What to work on:
Using the listing below, retype only the lines from the line with "Pink Top Short" through the end, both ends included, and exclude the pictures.

Raw data:

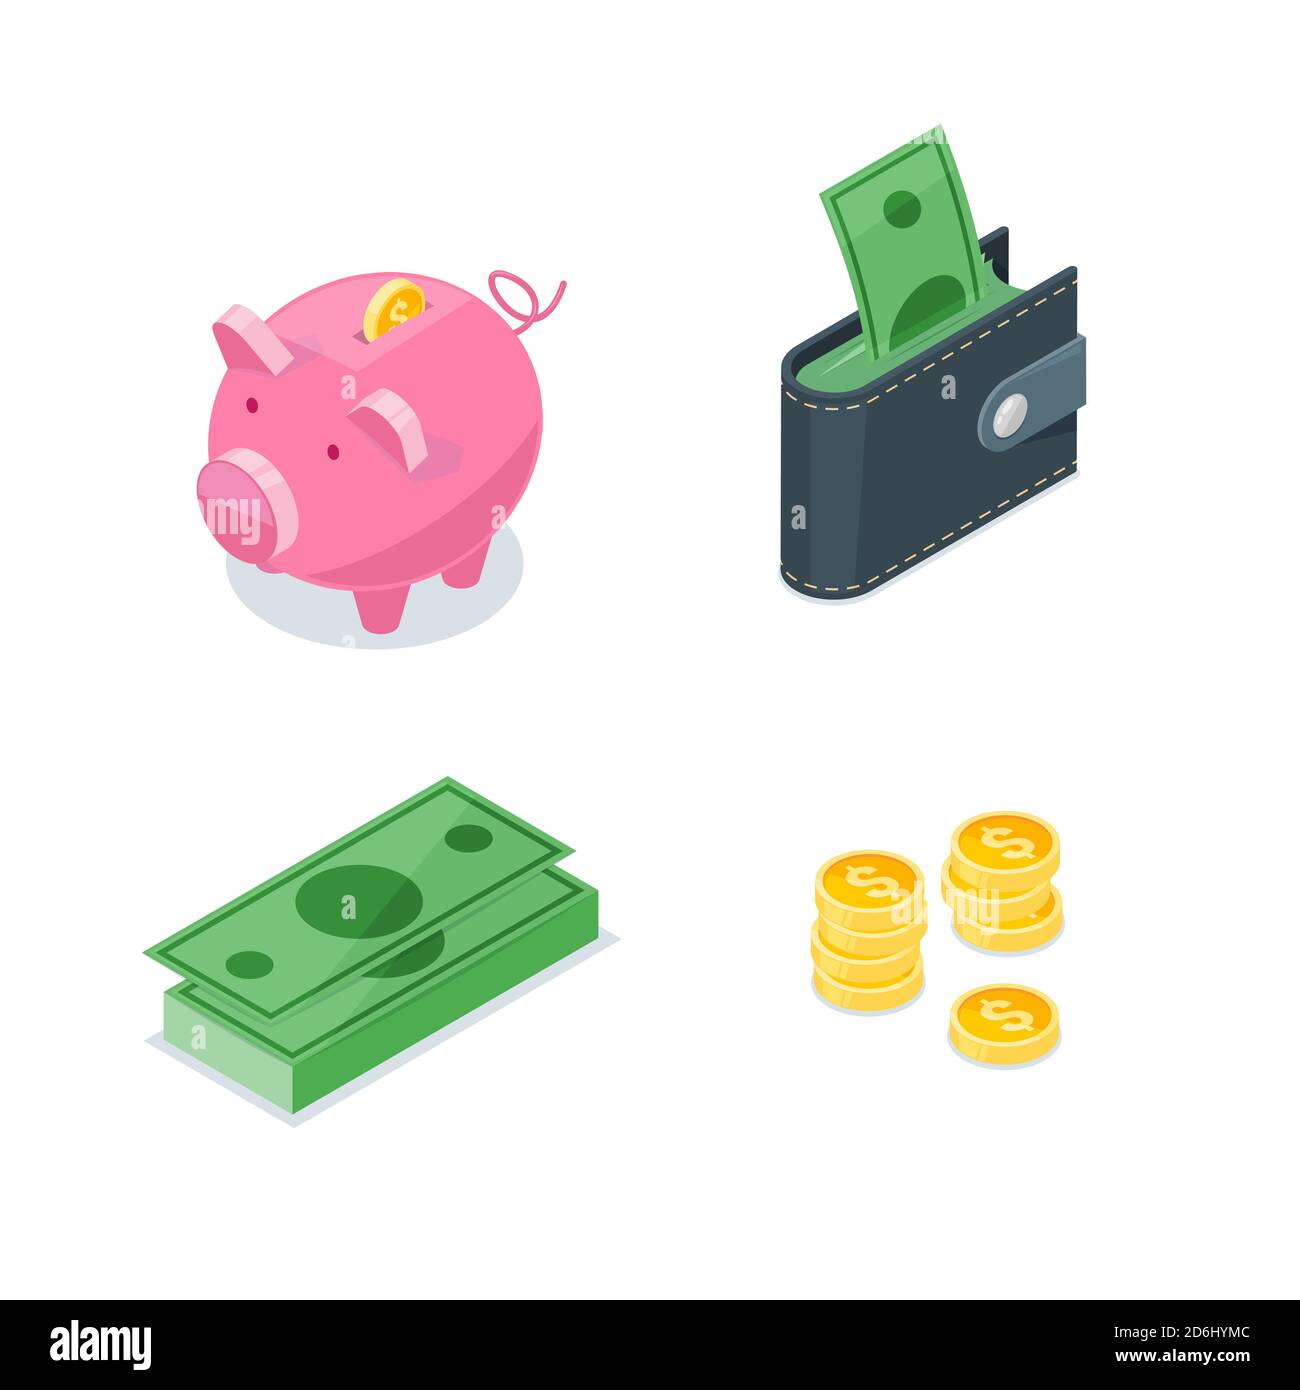 Money 3d isometric style vector icons set. Isolated finance, banking, investment and commerce symbol. Coins, dollars, piggy bank and wallet illustrati Stock Vector
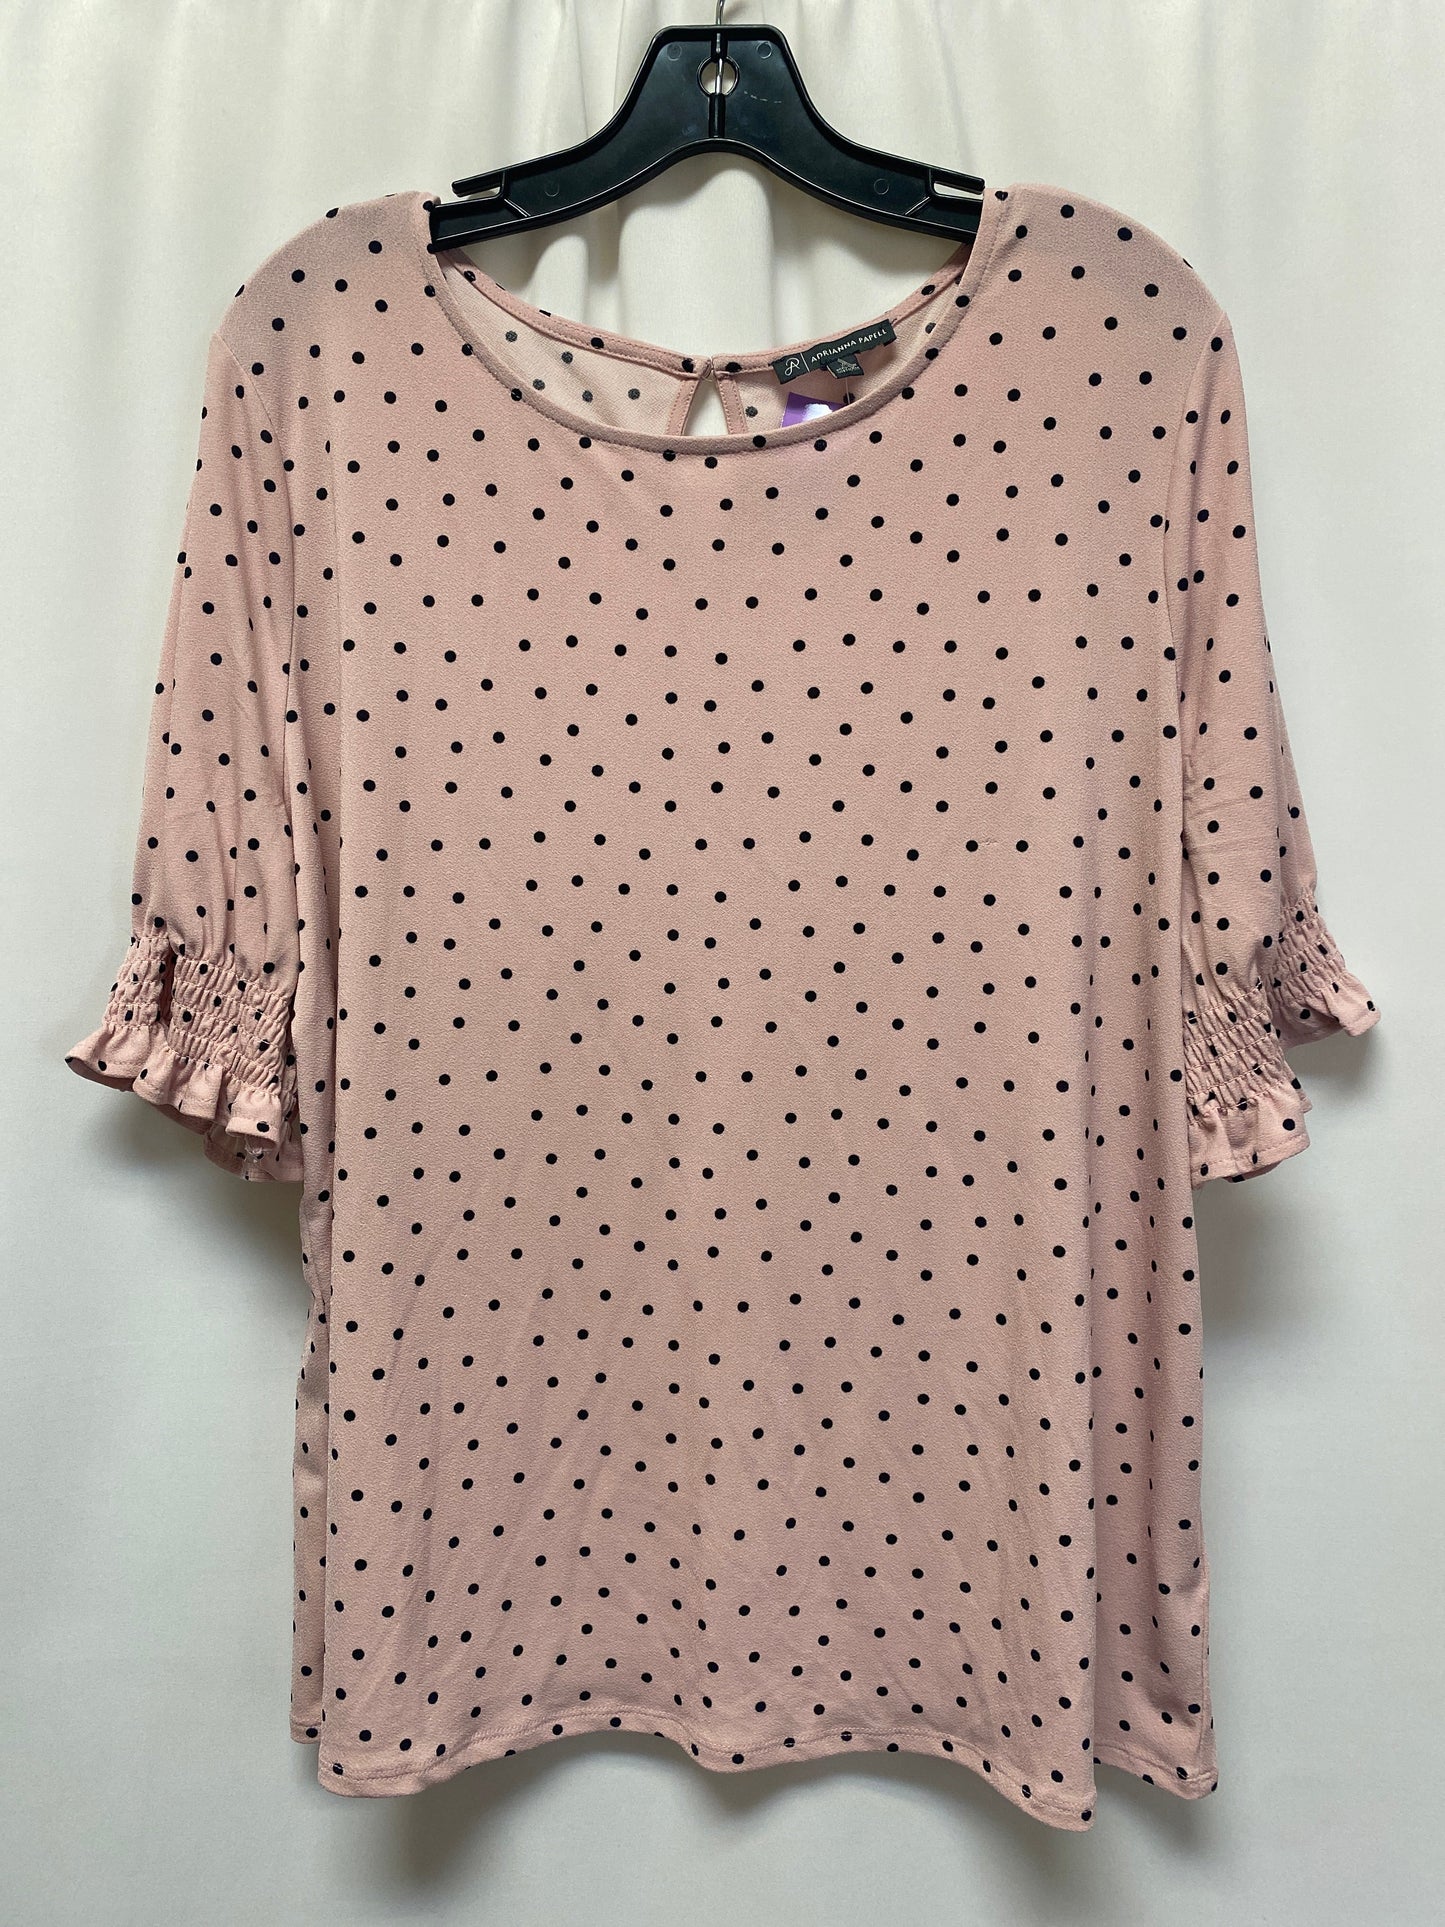 Pink Top Short Sleeve Adrianna Papell, Size Xl
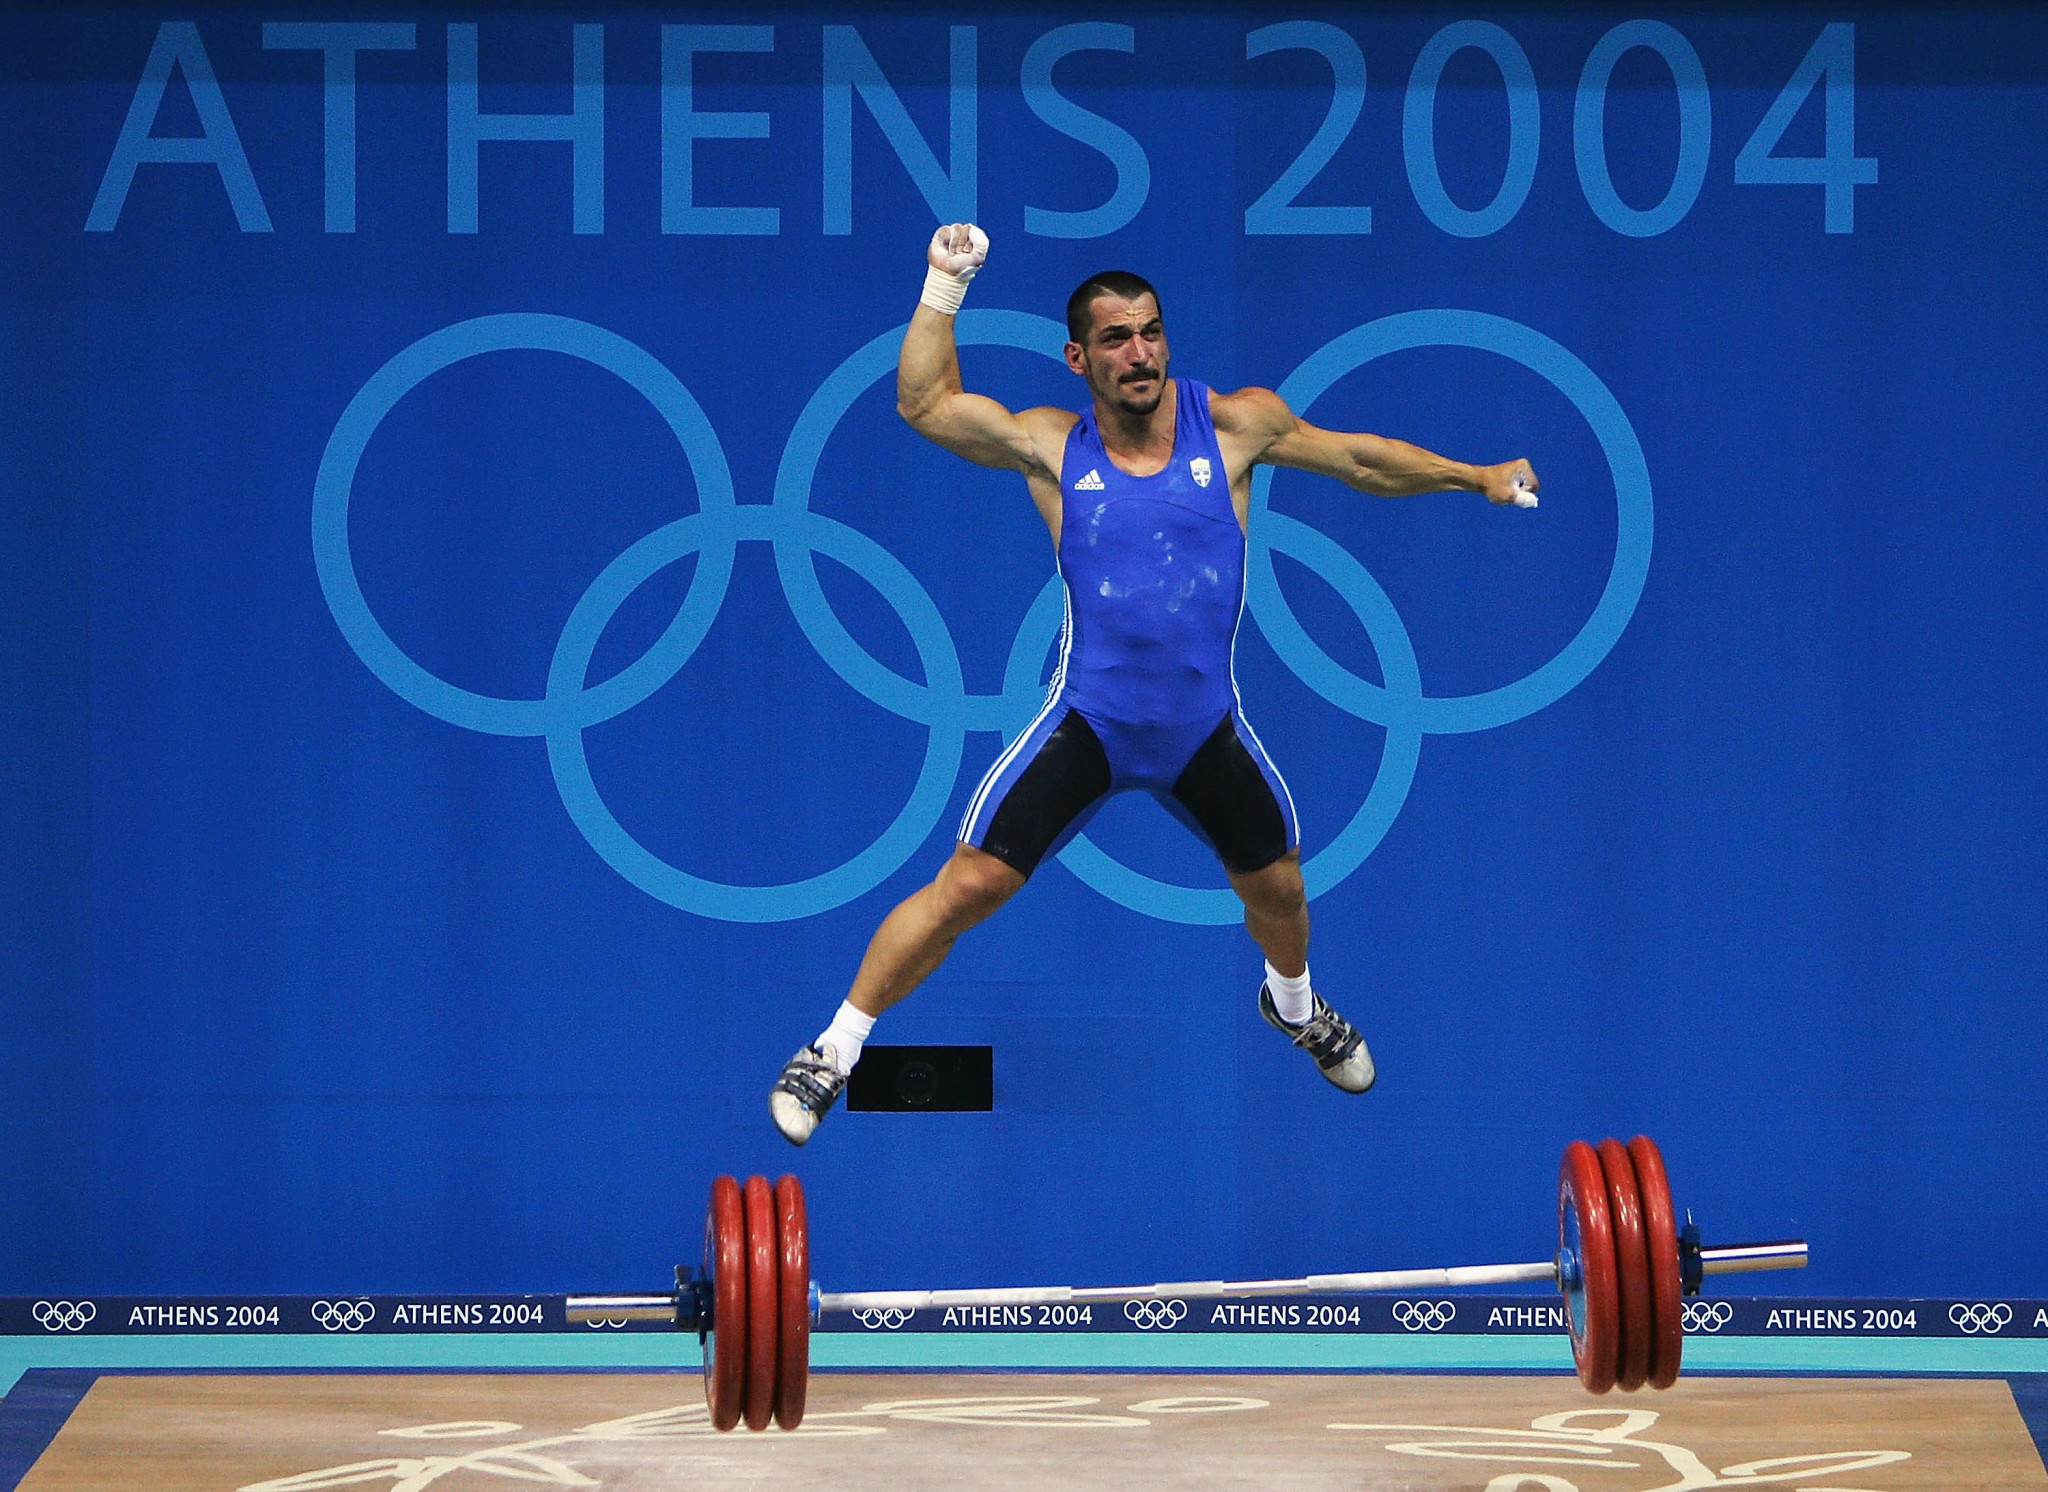 IWF stronger with Pyrros" says Irani after weightlifting hero stays in role

Output for this exercise:
 Pink Top Short Sleeve Adrianna Papell, Size Xl
 IWF stronger with Pyrros" says Irani after weightlifting hero stays in role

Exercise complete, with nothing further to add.